And then there's the obstacle presented by the "good" code I find on the Internet.

I put "good" in quotation marks because the one good coding practice it never seems to follow is proper commenting. If you're going to show something to other people, please please explain how it works, otherwise you're just saying "and here we chant the mystic runes" and I and everyone else who reads it are left with something we can neither understand nor modify.

(This is, I think, how some of the bad code happens. Features of the good code are retained when it's modified even though the modification makes them unnecessary. Rinse, repeat.)

In other ways the good code is often obnoxiously good in that the actual point I'm trying to get to is hidden under excellent software engineering. The author will kick off by defining the public constants that the user should use when setting the property of the component that's going to control the behavior ... and then goes on through the exception handling ... and so on down to the end where the author says where to register the component.

Meanwhile what I want for my own purposes are the handful of lines that actually do the clever thing. Instead I'm being presented with a complete solution to something different from what I want to do and I have to start digging for these lines, which will not be marked as the particularly useful bit, or explained in any way.

What one needs is the exact opposite, a minimal example which is thoroughly explained. Like this.

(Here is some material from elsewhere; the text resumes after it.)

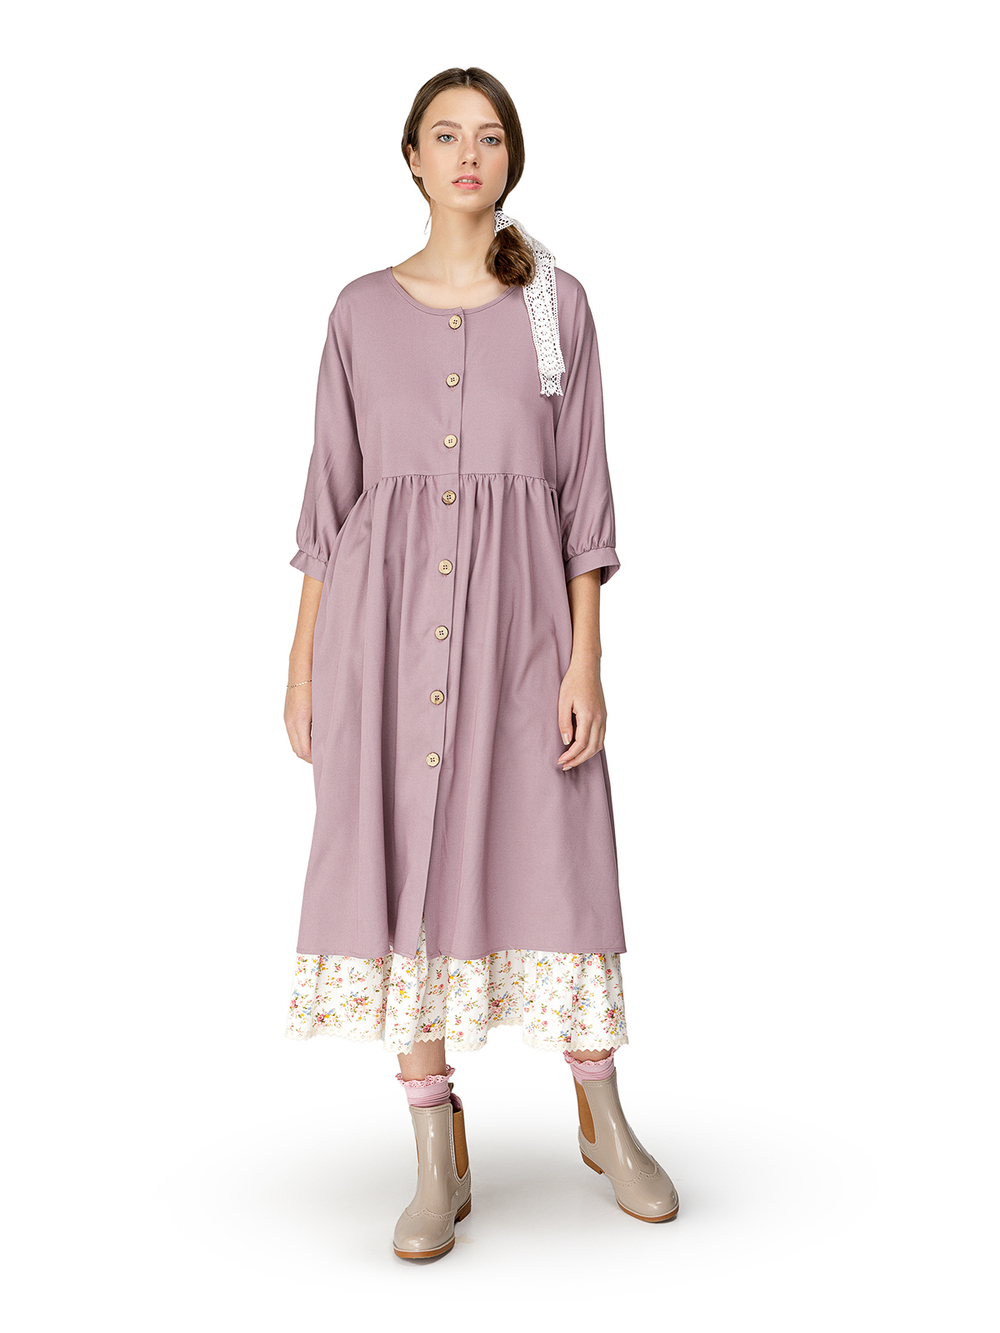 Платье "Нея" свободного кроя на деревянных пуговицах в светло-лиловом цвете

Code: Pascal  [Select][+][-]
  1. // The OS sends messages to the visual components which we can intercept by
  2. // overriding the WinProc method of the class.
  3.  
  4. // (For historical reasons everything related to this feature including the names
  5. // of the constants is Windows-related but the feature is not in fact OS specific.)
  6.  
  7. // This example is implemented as an interposer class, see
  8. // https://forum.lazarus.freepascal.org/index.php?topic=54971.msg408998#msg408998
  9. // for more details.
  10.  
  11. unit NoPaste;
  12.  
  13. {$mode objfpc}{$H+}
  14.  
  15. interface
  16.  
  17. uses
  18.   Classes, SysUtils, StdCtrls, Windows;
  19.  
  20. type
  21.   TEdit = class(StdCtrls.TEdit)
  22.   protected
  23.       procedure WndProc(var M: TMessage); override;
  24.   end;
  25.  
  26. implementation
  27.  
  28.   procedure TEdit.WndProc(Var M: TMessage);
  29.   begin
  30.   if M.msg = WM_PASTE then M.msg:=WM_NULL;   // We turn off the message ...
  31.   inherited;   // .. and then go ahead and do what the method would usually do.
  32.   end;
  33. end.
  34.  
  35. // You can use it to turn off any of the other Windows messages to any
  36. // components (a list of the messages can be found here:
  37. // https://wiki.winehq.org/List_Of_Windows_Messages ) and indeed
  38. // to do things other than just shutting them off, though that alone
  39. // could be done with nicer syntactic sugar using the "message" keyword.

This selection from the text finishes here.